However, we still have to show that the successor symbol S
can be
moved to the front in the right hand side of this equality. This
remaining lemma takes a similar form to the plus_commutes_Z
; we
begin by making a new top level lemma with \l
. This gives:
plus_commutes_S : (k : Nat) -> (m : Nat) -> S (plus m k) = plus m (S k)
Unlike the previous case, k
and m
are not made implicit because
we cannot in general infer arguments to a function from its result.
Again, we make a template definition with \d
:
plus_commutes_S : (k : Nat) -> (m : Nat) -> S (plus m k) = plus m (S k)
plus_commutes_S k m = ?plus_commutes_S_rhs
Again, this is defined by induction over m
, since plus
is
defined by matching on its first argument. The complete definition is:
total
plus_commutes_S : (k : Nat) -> (m : Nat) -> S (plus m k) = plus m (S k)
plus_commutes_S k Z = Refl
plus_commutes_S k (S j) = rewrite plus_commutes_S k j in Refl
All holes have now been solved.
The total
annotation means that we require the final function to
pass the totality checker; i.e. it will terminate on all possible
well-typed inputs.
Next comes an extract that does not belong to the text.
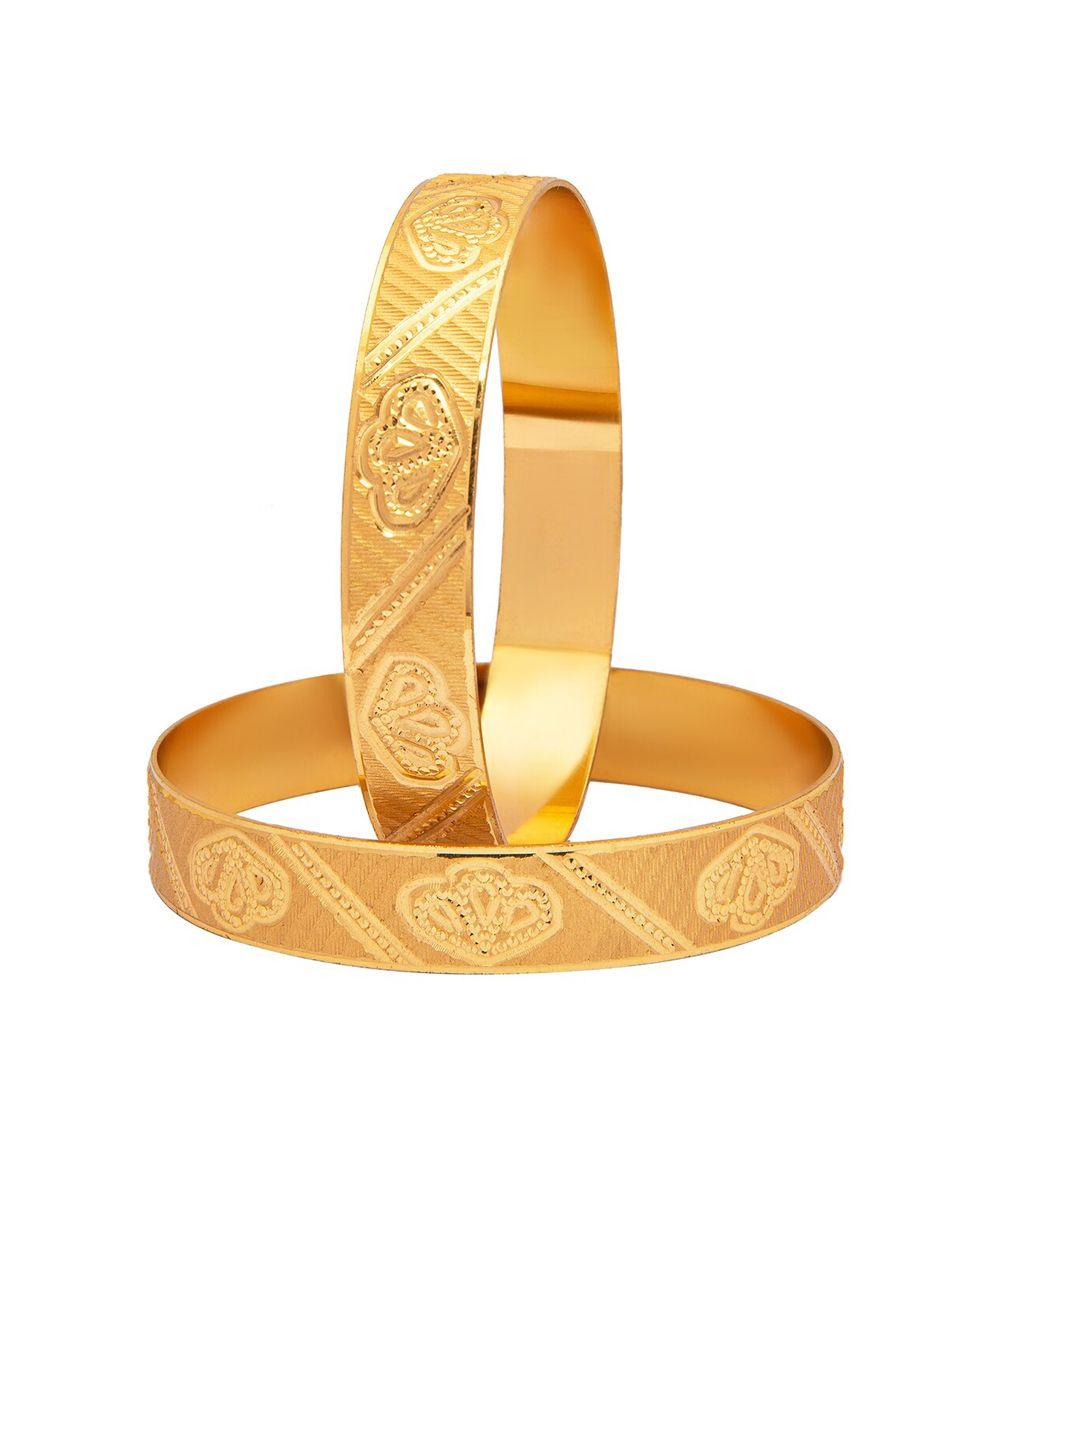 shining jewel - by shivansh set of 2 gold-plated gold-toned designer bangle

This is important for proofs, since it provides a
guarantee that the proof is valid in all cases, not just those for
which it happens to be well-defined.
Now that plus_commutes
has a total
annotation, we have completed the
proof of commutativity of addition on natural numbers.
[1] | Note that the left and right hand sides of the equality have been
swapped, because replace takes a proof of x=y and the
property for x , not y . |